6.11. Shallow vs. deep copies

As a last, relatively minor point before some of the more advanced fundamentals, we have a small note about making copies. This doesn’t always give the behavior people are expecting when they are starting out.

If you have code such as

a = [[0, 1, 2], [3, 4, 5], [6, 7, 8]]
b = list(a)

b is a copy of a. However, it is a shallow copy. To save space in memory, the entries (0 to 8 in this case) aren’t actually copied. Rather, a new variable b is made, and its entries just point to the the original entries in a. This is shown below.

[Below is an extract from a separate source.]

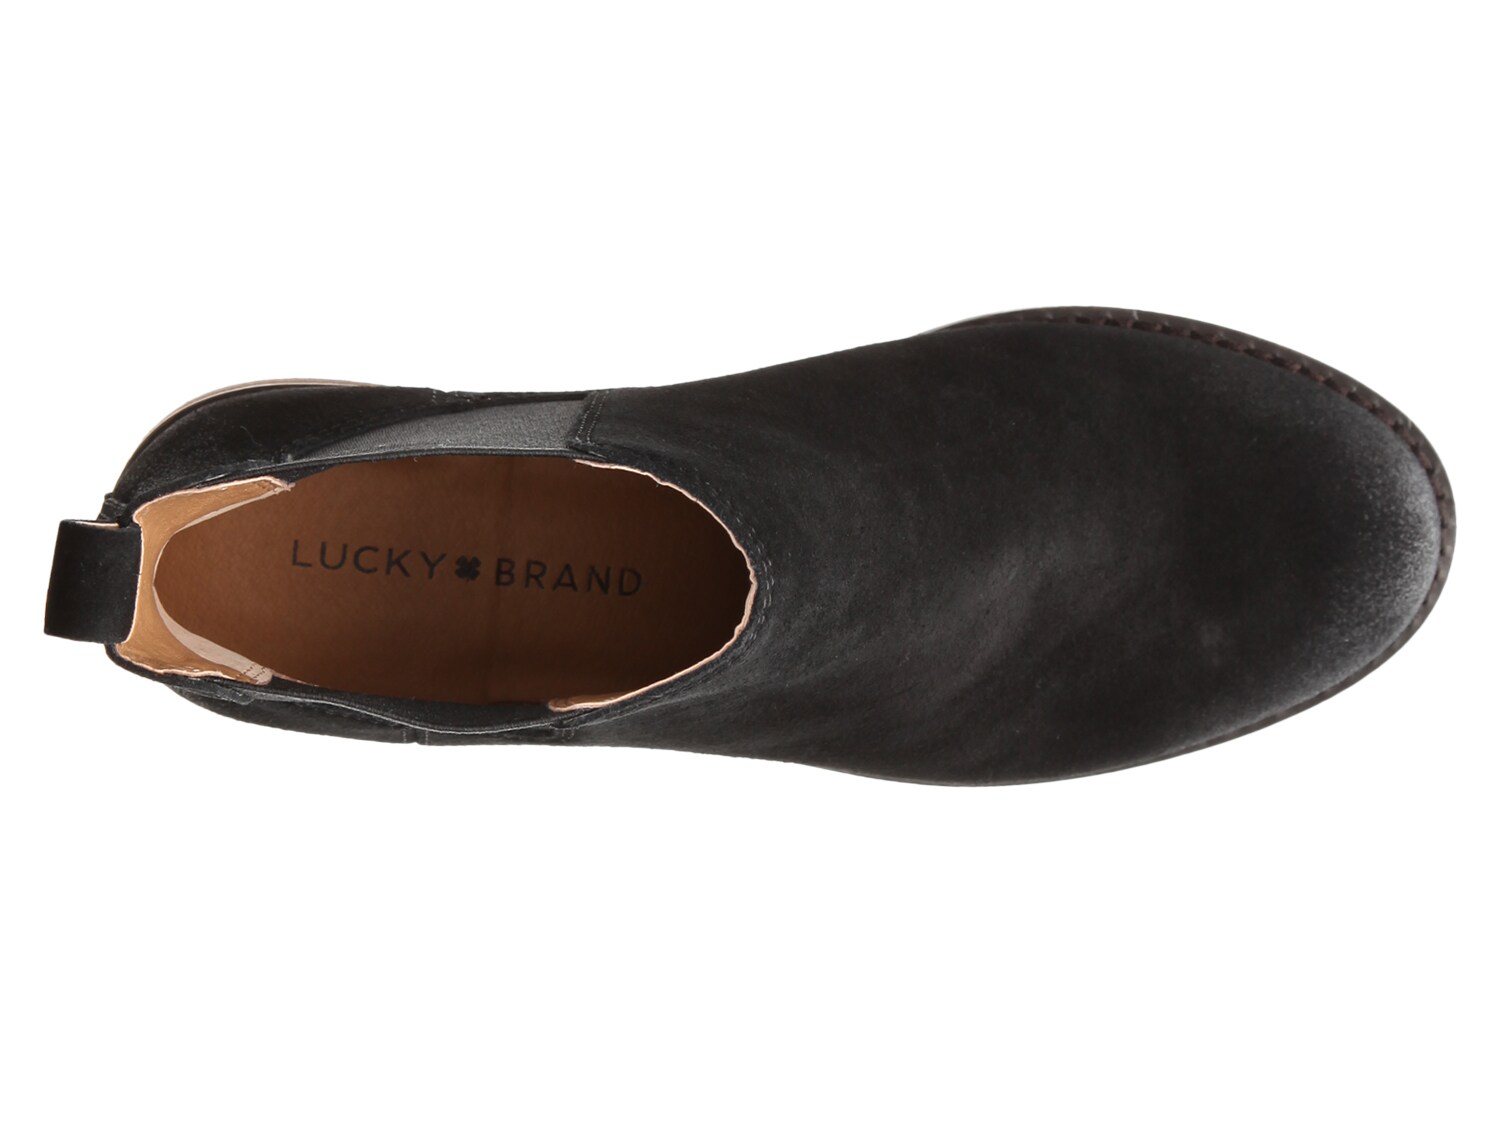 lucky brand noahh chelsea boot black

Illustration of a shallow copy

If you then run

a[0][0] = '1'

you’ll find that both a and b have updated. However, if you run

a.append([9, 10, 11])

b won’t have this added to it. b won’t know where any additional locations in a from after the copy was made. This use of memory is illustrated in the figure below.

Illustration of appending items to a shallow copy

This can lead to some confusing behavior if you’re not expecting it!

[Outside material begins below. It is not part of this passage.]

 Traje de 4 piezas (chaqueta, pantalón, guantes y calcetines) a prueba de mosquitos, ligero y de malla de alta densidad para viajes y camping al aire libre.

If you want two completely independent copies of a piece of data you need to make a deep copy. In Python this is done with

import copy
c = copy.deepcopy(a)

In general deep copies should only be used when you really need them. They will use more memory, and for large items it can take quite a lot of time to actually make a copy of all of the data (rather than just pointing to the data that’s already present).